Optimization Note (C++) 1: push, pop, call _chkstk
I was looking at assembly code trying to improve an important performance scenario when I found a strange call to _chkstk
011E100E push 10h
011E1010 pop eax
011E1011 call _chkstk (011E1810h)
011E1016 mov ecx,esp
My understanding is that _chkstk call is generatesd by C++ compiler when there are more than 4kb local variable allocation. But here the code is only allocating 16 bytes.
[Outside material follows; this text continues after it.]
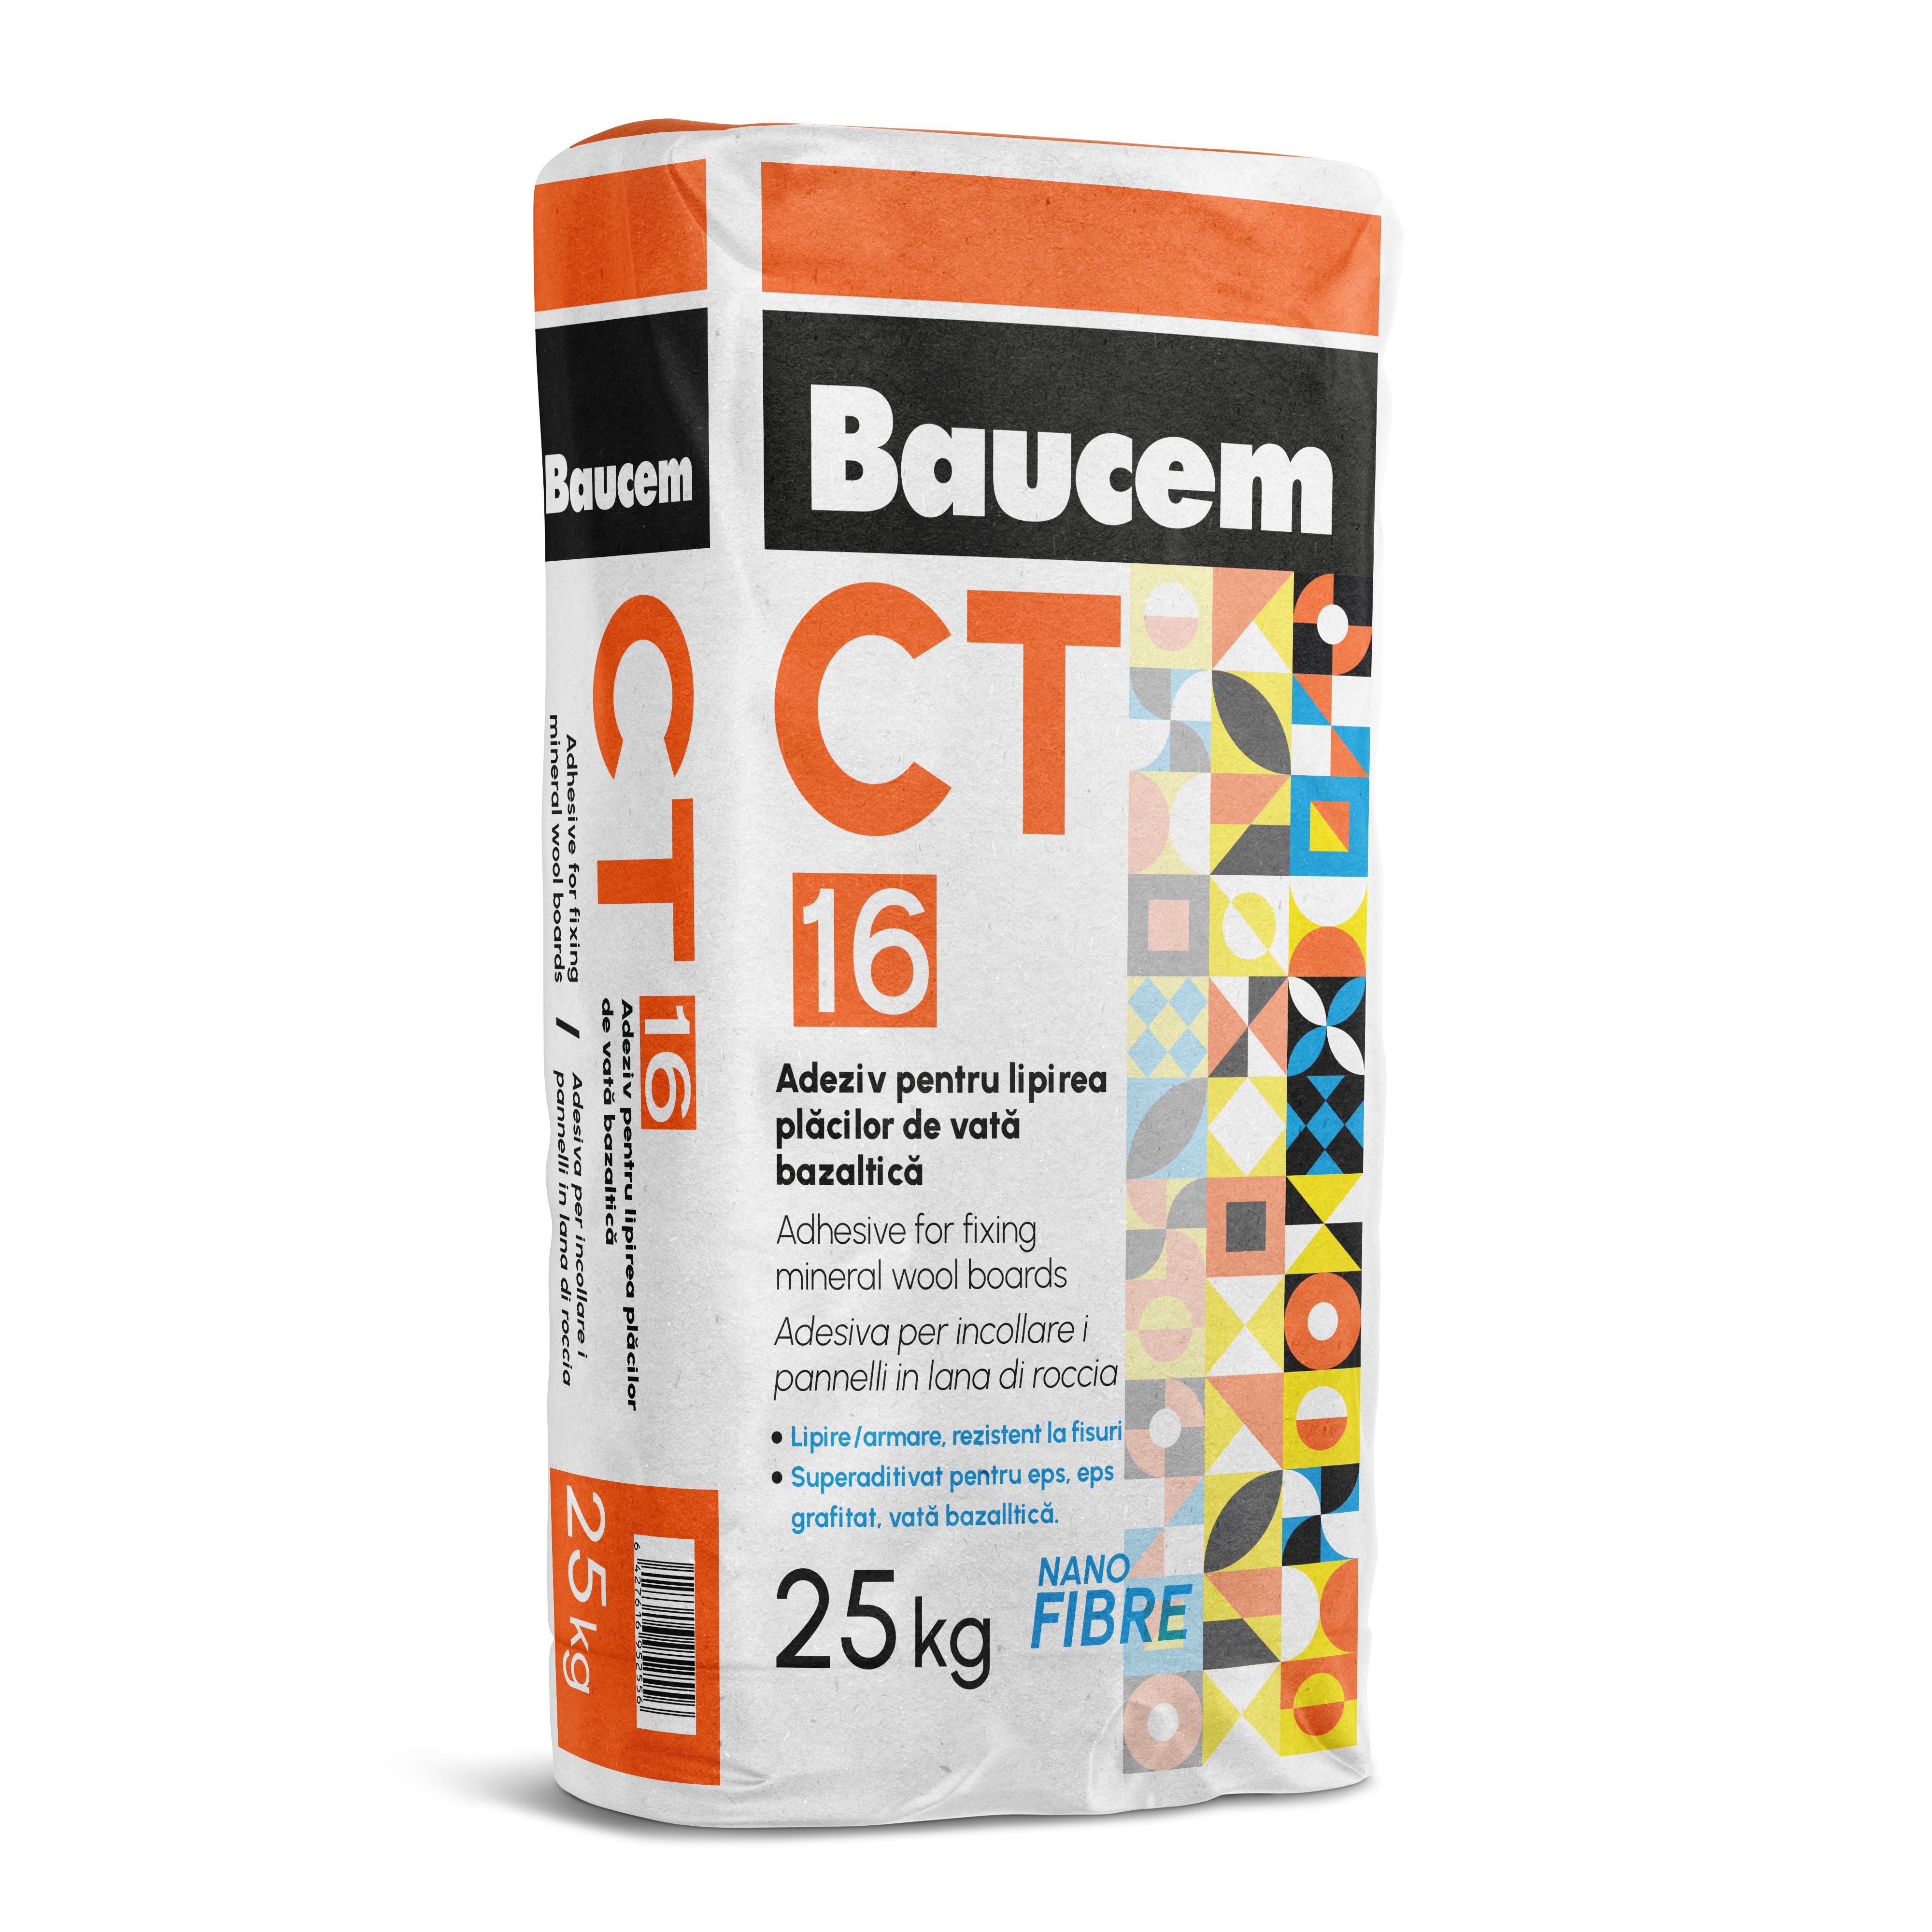 Vata fatada Baucem 0,035 conductivitate termica- Promotie -

This is important because _chkstk is not cheap:
011E1810 push ecx
011E1811 lea ecx, [esp+4]
011E1815 sub ecx,eax
011E1817 sbb eax,eax
011E1819 not eax
011E181B and ecx,eax
011E181D mov eax,esp
011E181F and eax,0FFFFF000h
011E1824 cmp ecx,eax
011E1826 jb cs20 (011E1832h)
011E1828 mov eax,ecx
011E182A pop ecx
011E182B xchg eax,esp
011E182C mov eax,dword ptr [eax]
011E182E mov dword ptr [esp],eax
011E1831 ret
After digging through layers of macros, I finally found out that this _chkstk call is generated by an _alloca call for 16-byte of storage. Here is a repro case:
int _tmain(int argc, _TCHAR* argv[]){
RECT * pRect = (RECT *) _alloca(sizeof(RECT));
pRect->left = 10;
return pRect->left;}
As the object is always needed, the fix is quite easy, just allocate on the stack together with other local variables (for free).